А вот эти проблеснувшие искорки уже о другом совсем. Первый гонорар на «Военфильме», восемьсот рублей за двухчастевку. Рад до смерти, таких денег в своем «ящике» отродясь не видел, а ему режиссер: «Ты – тюха, тебя нагрели, по закону положена тысяча…» А Костя счастлив, запомнит этот гонорар на всю жизнь. На «Киевнаучфильме» говорят ему знающие люди: «У нас принято делиться с редакторами». Он злится: с какой стати? Не будет делиться, не столько потому, что денег жалко, но потому, что против его естества это… И ничего, не отлучают от студии. А вот за что стыдно, так это за проваленный сценарий о химкомбинате. Рядом с Ясной Поляной находился, «Азот» назывался, потравил деревья, выжелтил их. Сценарий приняли, начал писать дикторский текст – и полная ерунда вышла.
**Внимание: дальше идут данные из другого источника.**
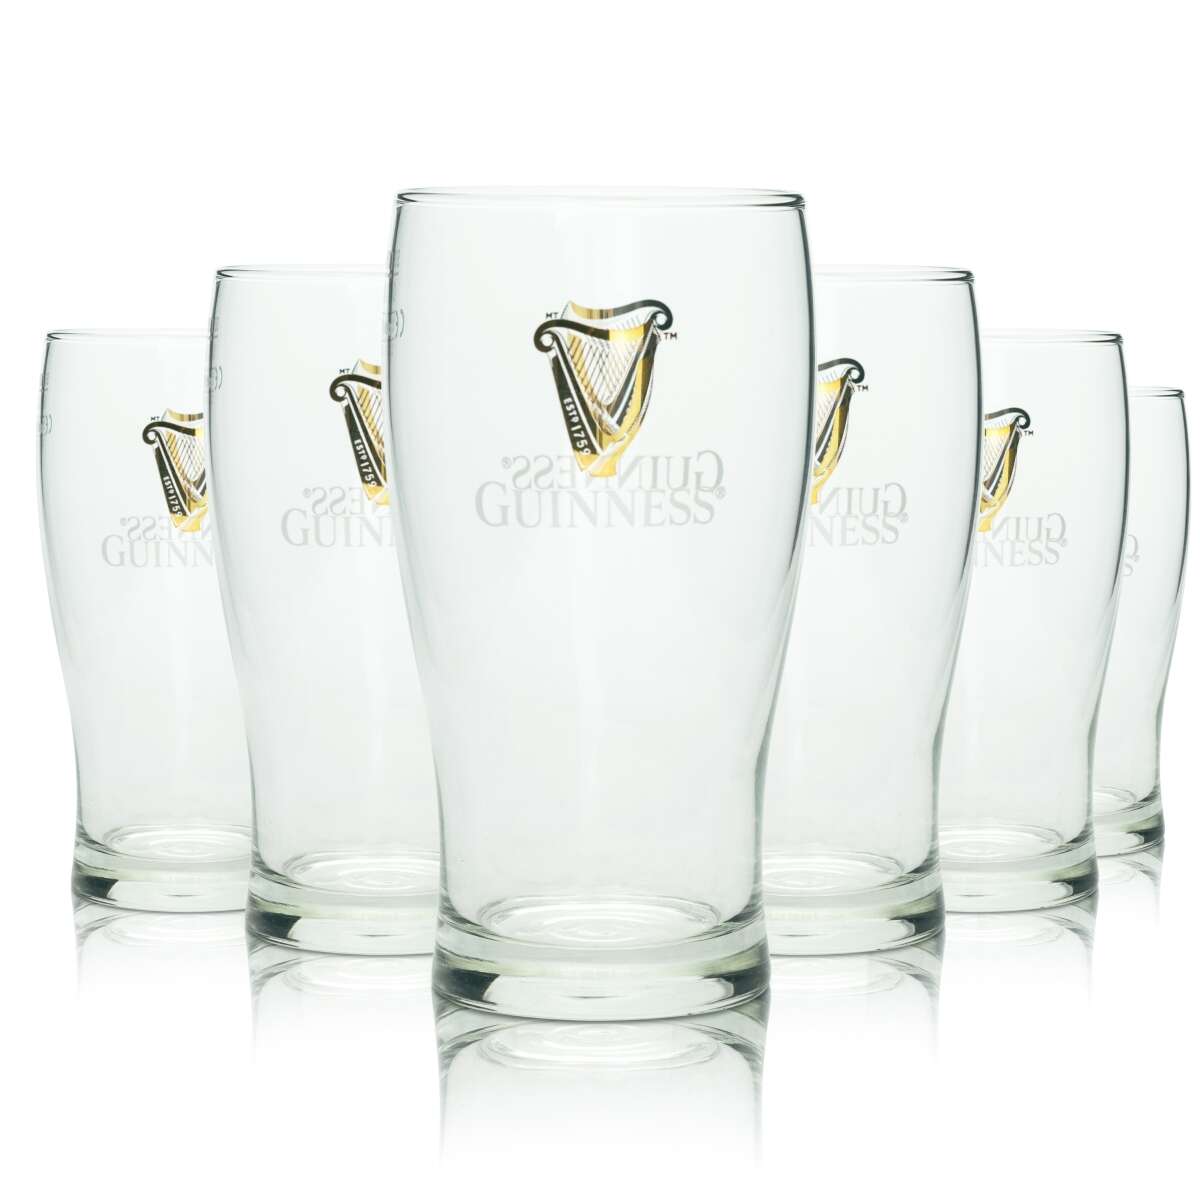 https://barmeister24.de/media/image/product/4575/lg/6x-guinness-bier-glas-04l-tulip-becher-sahm-glaeser-logo-pint-doppel-beer-bar.jpg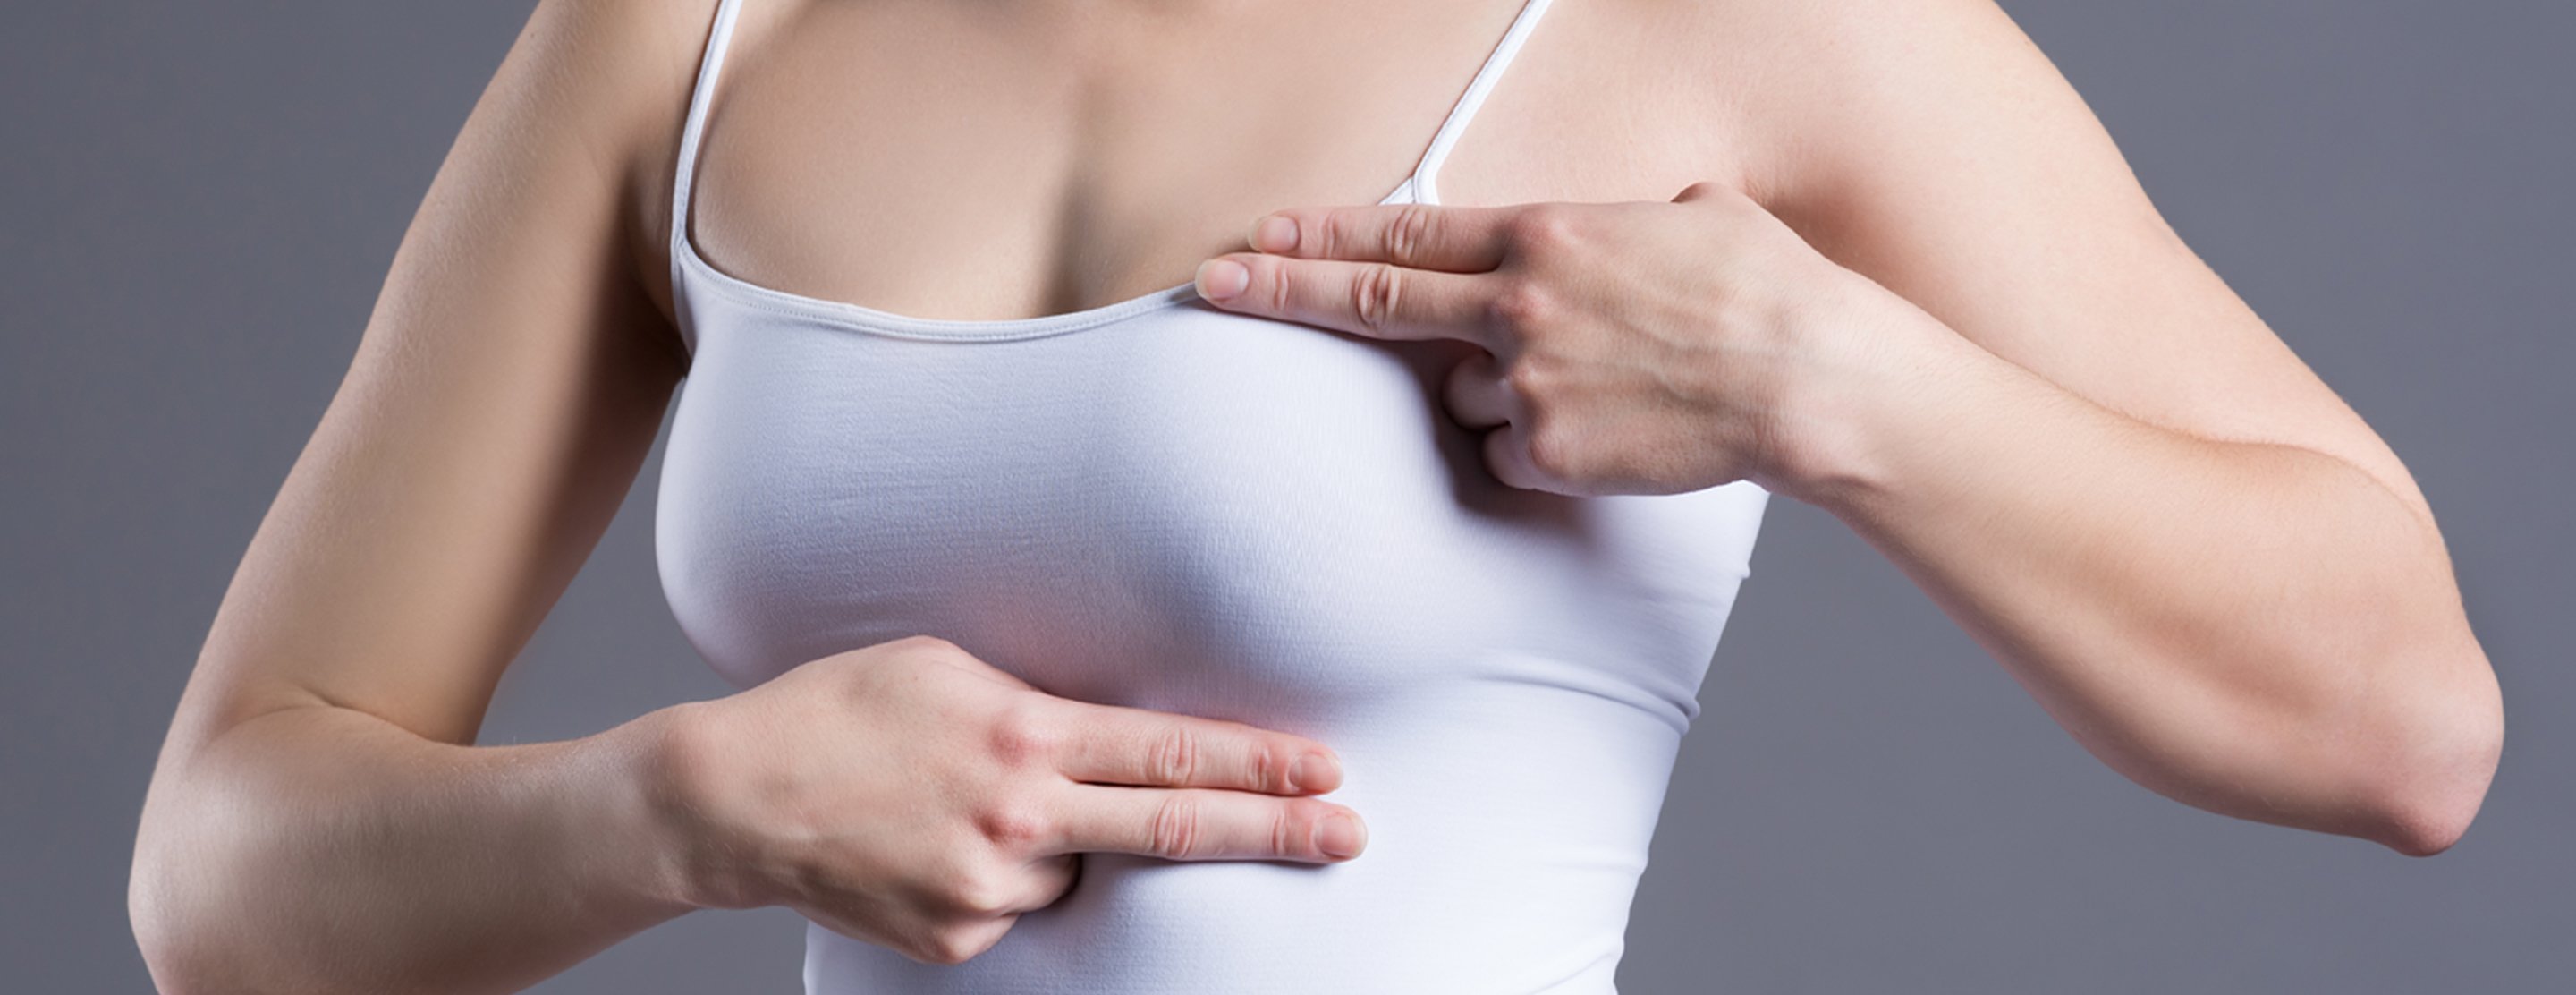 какие болезни у женщин на груди фото 118

Переживал жутко.
Что случилось с ним, не понимал, ни тогда, ни сейчас, когда быльем все поросло: где Костя, где химкомбинат, где Ясная Поляна… А тогда едва заказов не лишился на «Центрнаучфильме».
В какое время хотел бы ты вернуться, Костя? Хотел бы вернуться в самое начало во всеоружии опыта сегодняшнего, чтобы жизнь свою переиначить, переделать, прожить по-другому, не совершить прежних ошибок, не наделать былых глупостей? Нет, не хотел бы. Во-первых, невозможно. Во-вторых… Тем-то и отличается живая вода из крана от дистиллированной, что она – живая, с микробами, хлоркой, всякими элементами дозволенными и недозволенными, порой со ржавчиной, дурно пахнущая, та, которую все кипятят и многие пьют сырой, ничего не боясь. Нет ничего скучнее и бездарнее безошибочной жизни. А если невероятным, сказочным образом в машине времени прикатить к начальной станции долгого пути и начать сызнова, начисто забыв или уничтожив любой намек на знание дальнейшего, всего, что после случится, разрушить предопределенность, то не произойдет ничего необычного, все обернется именно так, как уже было с тобой, Костя, или могло быть: те же (или другие, какая разница?) ошибки, глупости, потери, поражения. Но и, безусловно, радости, успехи, открытия, изумления. Что судьбой предначертано, то и сбудется, и никуда ты от этого, дружок, не денешься. Впрочем, что считать ошибками, глупостями, а что правильными, оправданными смыслом и логикой поступками? В сущности, человек всю жизнь не живет, а сочиняет себя, выдумывает для себя историю, которую своей жизнью считает. И Костя – не исключение.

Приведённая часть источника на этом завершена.